Кукушата, или Жалобная песнь для успокоения сердца | страница 58
Но поезд набирал скорость, и люди, спящие на вещах, какие-то бабка со старичком, среди лета в тулупчиках, и военный с вещмешком, и женщина с двумя детишками, втроем на одной полке, и еще кто-то, зарытый в ватник, в тряпье, мирно храпящие, привели нас в чувство и внушили уверенность, что мы едем со всеми вместе. И никто нас не ищет.
Я приподнялся на мыски и тронул Сандру за руку, что означало: «Не дрейфь! Мы едем! Все нормально!»
Она вздрогнула от моего прикосновения, открыла глаза и попыталась улыбнуться. Но губы дрогнули, получилась гримаса. Тогда я полез на полку, втиснувшись рядом с чьим-то сундуком у ее ног. Я сидел и смотрел на нее, и видел, как она плачет, беззвучно, одними губами, даже слез не видать. Тоже наша «спецовская» школа – плакать втихаря… Но я ее не утешал: пусть выплачется, будет легче. Если бы нас схватили, она бы точно не плакала, она бы кричала и кусалась. А теперь она плачет от счастья, что все-таки нас не схватили.
17
Кто-то потянул меня за штанину. Я дрыгнул ногой, посмотрел вниз: там стоял Хвостик!
Стоял и лыбился, как на картинке Буратино, рот баранкой до ушей, глаза сияют от радости. Я даже ахнул про себя. Но вслух не произнес ни словечка: опасно. Народ расшевеливался, поднимал головы, уже как бы не спал, а додре мывал. Я соскользнул с полки от Сандры и, заталкивая младшего Кукушкина за вещи, прошипел в ухо:
– А ты откуда? Не успел выскочить? Да?
Хвостик радостно закивал. Громким шепотом пересказал, как он спрятался от неповоротливой проводницы под лавку, как она его там шарила, а он сидел не дыша, а когда она побежала к выходу, то поезд уже тронулся, а окно заело и не открывалось. И Мотя за стеклом лишь махнул рукой: мол, езжай, раз так вышло.

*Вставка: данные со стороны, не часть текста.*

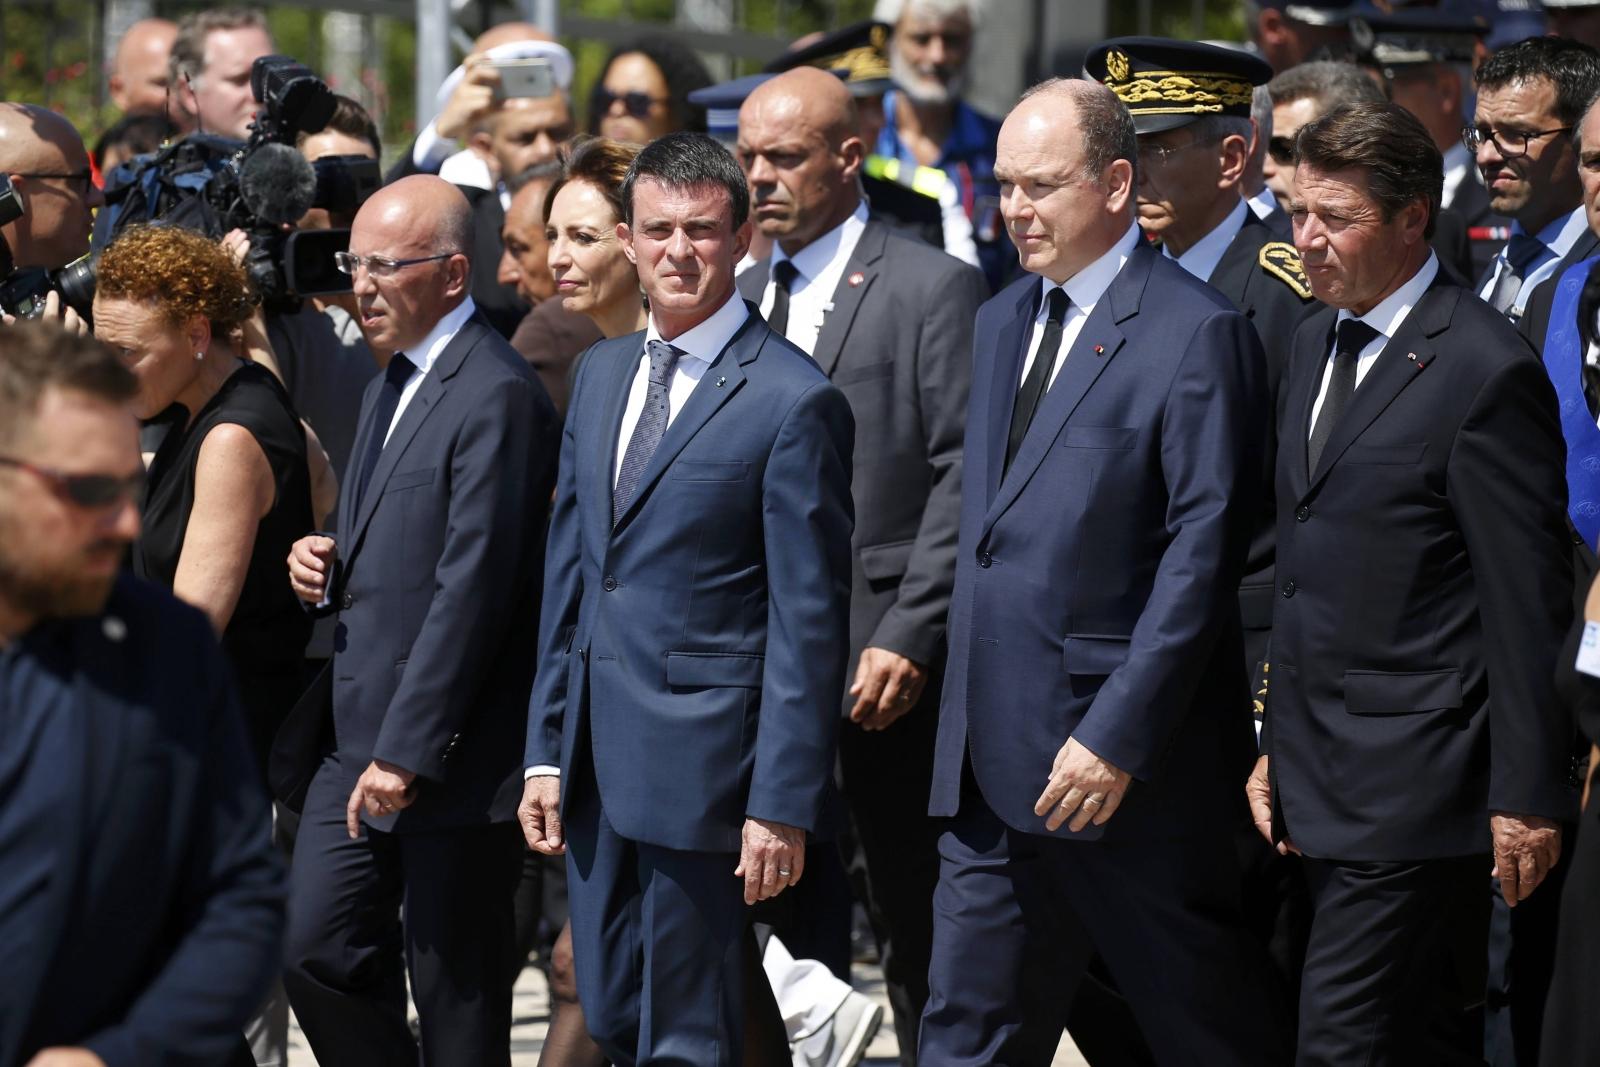 French Prime Minister Valls

– Серый! А Серый! – звенел на ухо комариком Хвостик. – Я с вами буду, да? Я увижу Москву? Да?
Я кивнул и огляделся, мне показалось, что кто-то рядом шевельнулся и приоткрыл глаза.
– Серый! Смотри, что у меня! – Он разжал кулак и показал кусок сухаря.
Я сделал знак молчать, хотя сухарь – это, конечно, неплохо. Небось нашел под лавкой. Беда лишь, что для троих это не еда. Как не еда и свеколка в кармане у Сандры, которую мы с собой захватили. Вот Сандра проснется, да и вагон перестанет дрыхнуть, мы займемся делом.
– Ешь и помалкивай! – сказал я Хвостику одними губами. – А лучше, если ты уберешься к себе обратно под лавку! Надо будет, позовем!
Хвостик кивнул и исчез. А я на всякий случай прицельно оглядел пассажиров, чтобы на будущее решить, кто тут для нас опасен. Опыт, добытый собственной шкурой, подсказывал, что совсем безопасных людей не бывает. Сейчас вроде бы мирен, спит, а задень нечаянно, враз зубы покажет. Да весь мир, как ни крути, делится на нас, «спецов», и на них, всех остальных. Остальные разные: добрые и злые, энергичные и ленивые, или военные, или доходяги… Но опасаться надо всех! Вот и тут: опасна проводница, она на службе; опасен военный с вещмешком, он сильней остальных; опасны старички, они пужливы, стерегутся жулья и в каждом его видят! По той же причине опасна и женщина с детишками…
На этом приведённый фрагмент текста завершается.